State of Minnesota v. Bashir Abdullahi Farah
Minnesota Court of Appeals
State of Minnesota v. Bashir Abdullahi Farah
Opinion
This opinion will be unpublished and
may not be cited except as provided by
Minn. Stat. § 480A.08, subd. 3 (2016).
STATE OF MINNESOTA
IN COURT OF APPEALS
A16-0604
State of Minnesota,
Respondent,
vs.
Bashir Abdullahi Farah,
Appellant.
Filed February 13, 2017
Affirmed
Smith, Tracy M., Judge
Olmsted County District Court
File No. 55-CR-15-4845
Lori Swanson, Attorney General, St. Paul, Minnesota; and
Mark A. Ostrem, Olmsted County Attorney, James P. Spencer, Assistant County Attorney,
Rochester, Minnesota (for respondent)
Cathryn Middlebrook, Chief Appellate Public Defender, Jenna Yauch-Erickson, Assistant
Public Defender, St. Paul, Minnesota (for appellant)
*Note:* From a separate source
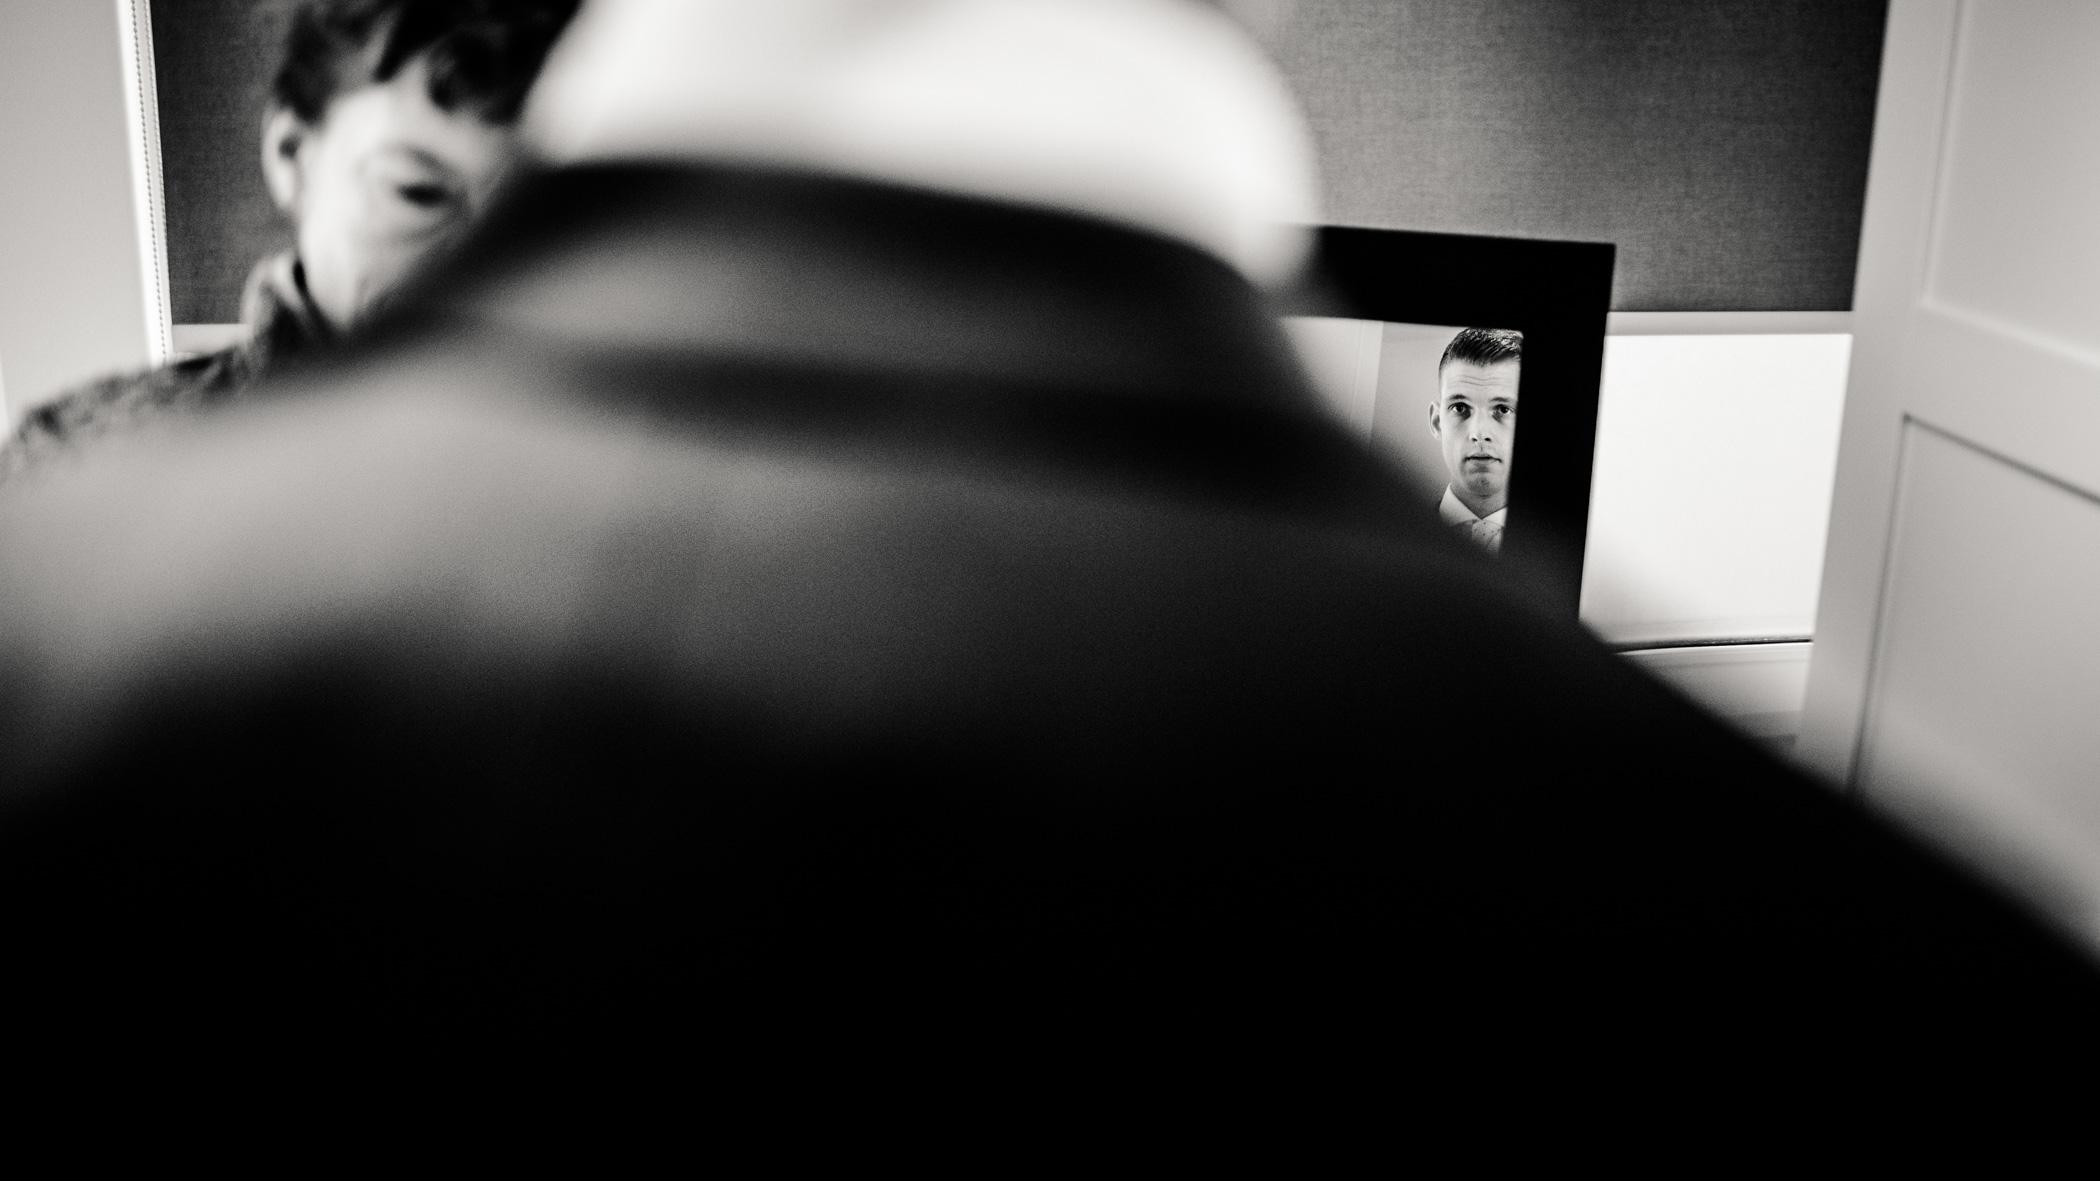 Spiegel bruidegom

Considered and decided by Hooten, Presiding Judge; Reilly, Judge; and Smith,
Tracy M., Judge.
UNPUBLISHED OPINION
SMITH, TRACY M., Judge
Appellant Bashir Abdullahi Farah appeals from his second-degree-assault
conviction, arguing that he is entitled to a new trial because admitting evidence of his
preliminary-breath-test (PBT) result was plain error and because the district court abused
its discretion in ruling that the state could impeach Farah with ten prior convictions.
Because the admission of the PBT result was not plain error and the district court’s ruling
on the admissibility of the prior convictions was not a clear abuse of discretion, we affirm.
FACTS
On July 16, 2015, Farah encountered O.F. while walking through a parking lot.
Farah threatened to cut and kill O.F. and swung a knife at O.F. from approximately two to
three feet away. O.F. picked up a metal object, intending to defend himself with it, and
waved over a police officer. Farah ran away. The officer chased Farah on foot but did not
catch up to him. Shortly thereafter, another police officer found Farah inside a nearby
apartment and arrested him. Because Farah appeared to be intoxicated, the arresting officer
administered a PBT. The PBT showed an alcohol concentration of 0.295. Farah was
transported to jail.
A bystander found a knife on the ground between the location of the arrest and the
location of the assault. The bystander gave the knife to a third police officer, who believed
it matched the description of Farah’s knife.
Farah was charged with second-degree assault, stalking with a dangerous weapon,
and stalking with two or more prior violations.
Before trial, the state moved to impeach Farah with six crimes-of-dishonesty
convictions and five felony convictions, should Farah testify. The district court concluded
that all six crimes of dishonesty and four of the felonies were admissible for impeachment.
Farah decided not to testify.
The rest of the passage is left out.